[Instructions to follow] Here the job is to repeat the listing exactly, but not the pictures in it.

─── Recorded data ───

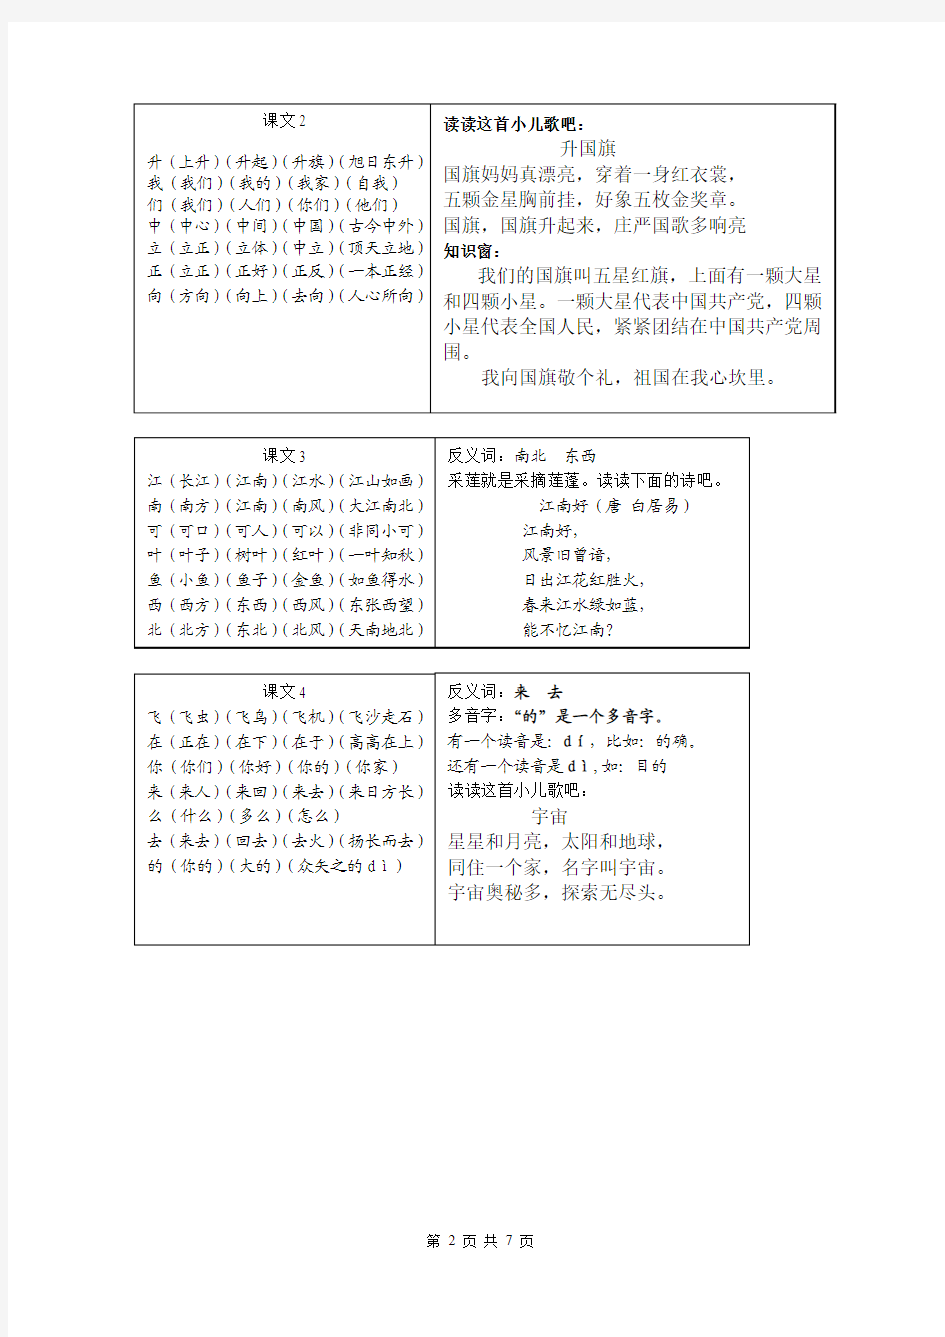 苏教版小学语文一年级上册生字组词(扩词)(字卡)2014
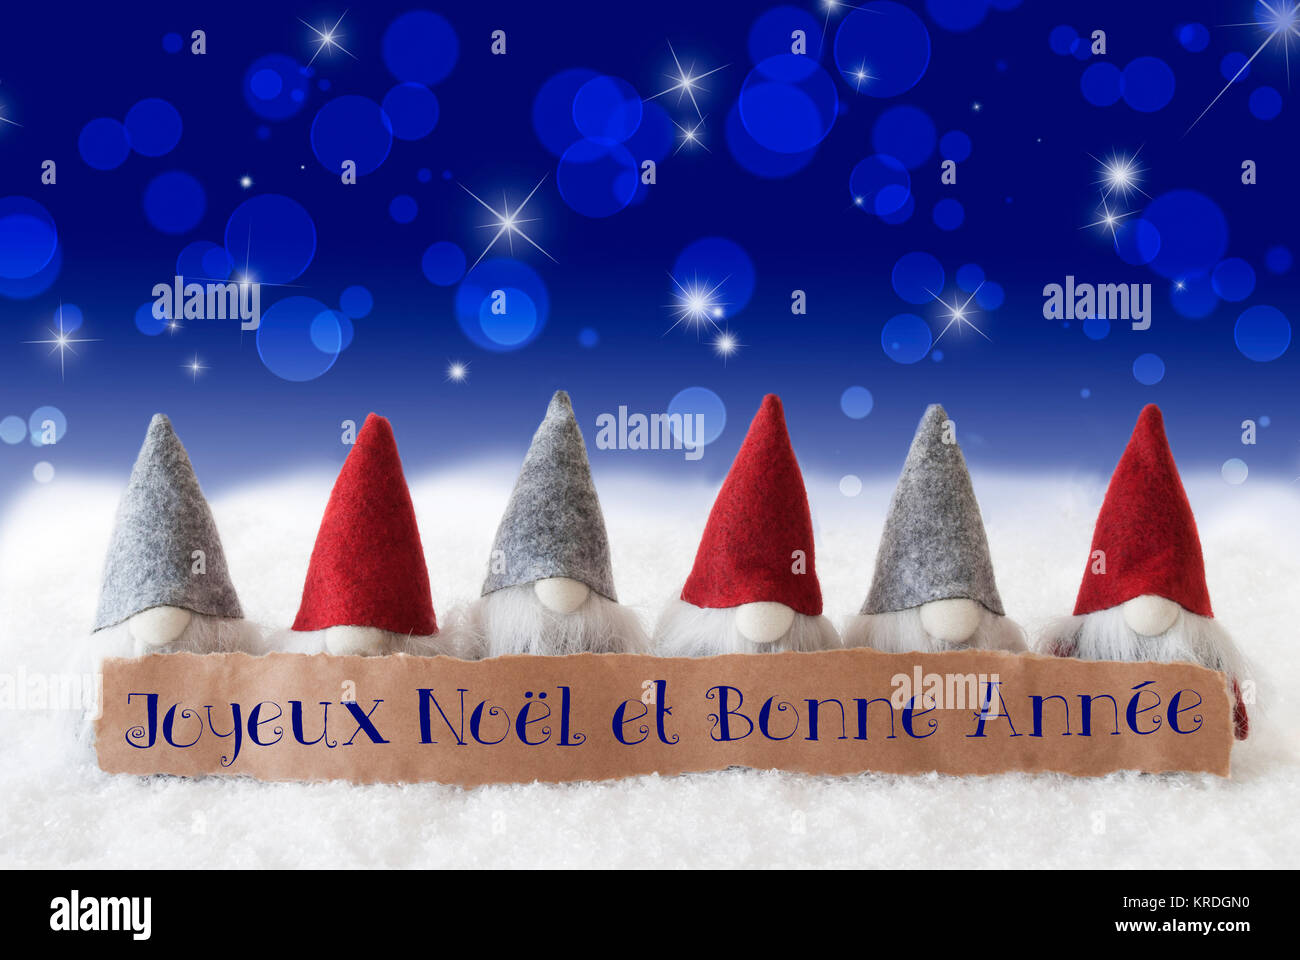 Nhãn với văn bản tiếng Pháp Joyeux Noel Et Bonne Annee có nghĩa là Merry chắc hẳn sẽ khiến bạn liên tưởng đến một mùa Giáng sinh thật đặc biệt. Hãy xem hình ảnh liên quan để thậm chí còn tự học thêm những từ vựng chào đón Giáng sinh!
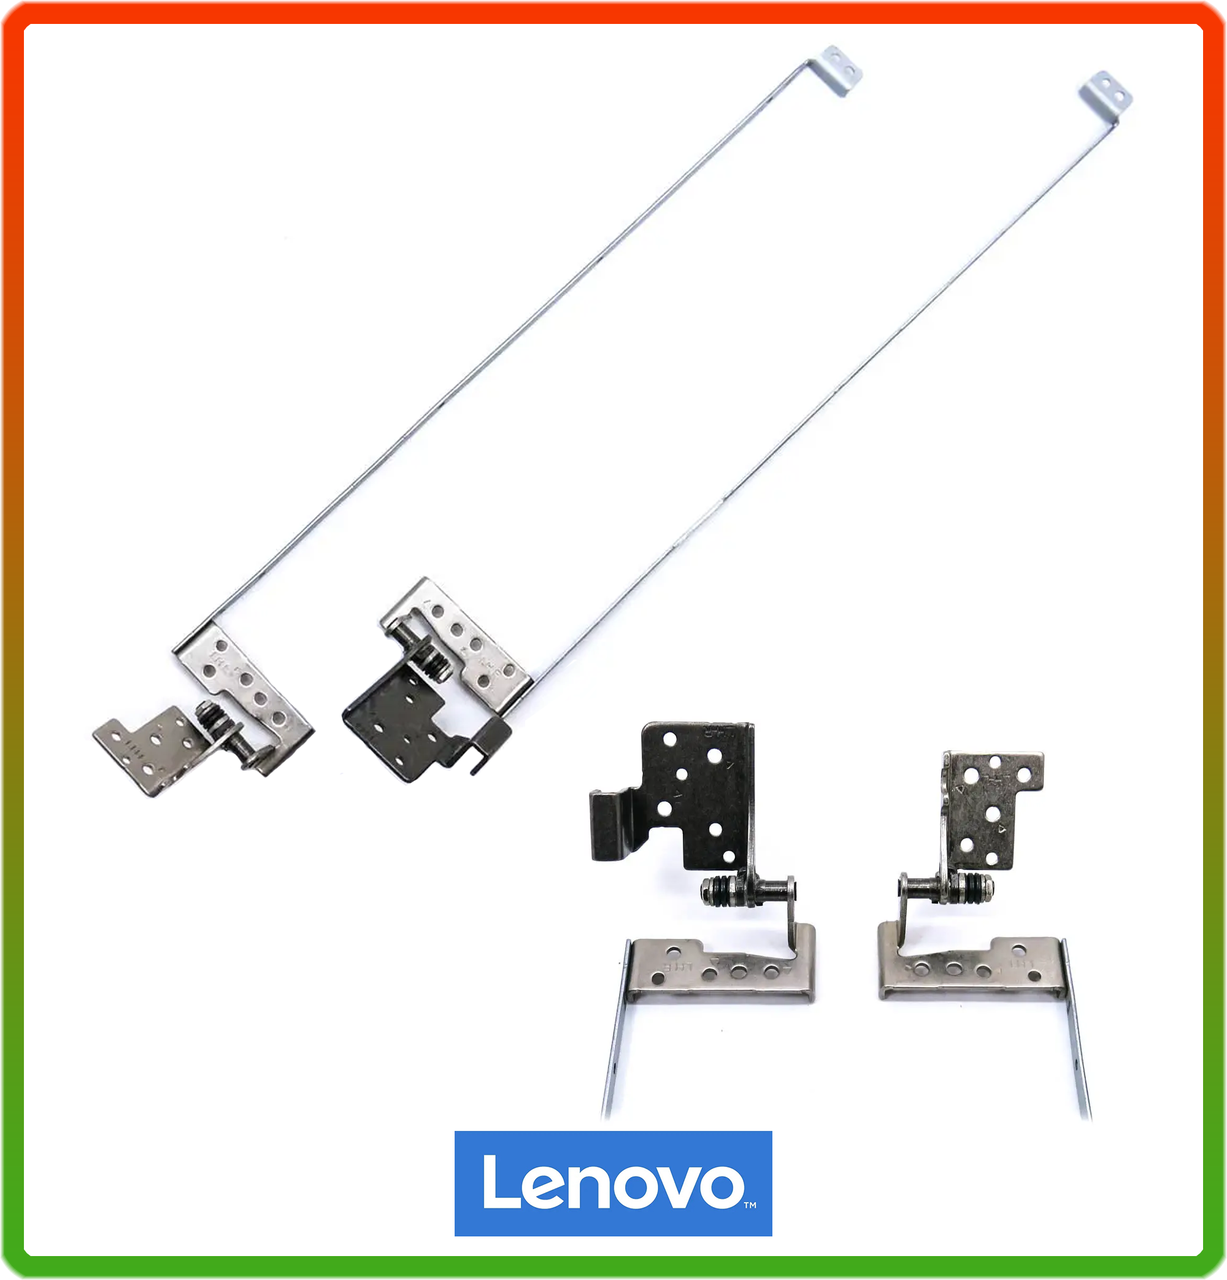 Петли для Lenovo G700 Series (13N0-B5M0203, 13N0-B5M0202). Пара, ліва + права

───

[Result of the exercise]
 苏教版小学语文一年级上册生字组词(扩词)(字卡)2014
 Nhãn với văn bản tiếng Pháp Joyeux Noel Et Bonne Annee có nghĩa là Merry chắc hẳn sẽ khiến bạn liên tưởng đến một mùa Giáng sinh thật đặc biệt. Hãy xem hình ảnh liên quan để thậm chí còn tự học thêm những từ vựng chào đón Giáng sinh!
 Петли для Lenovo G700 Series (13N0-B5M0203, 13N0-B5M0202). Пара, ліва + права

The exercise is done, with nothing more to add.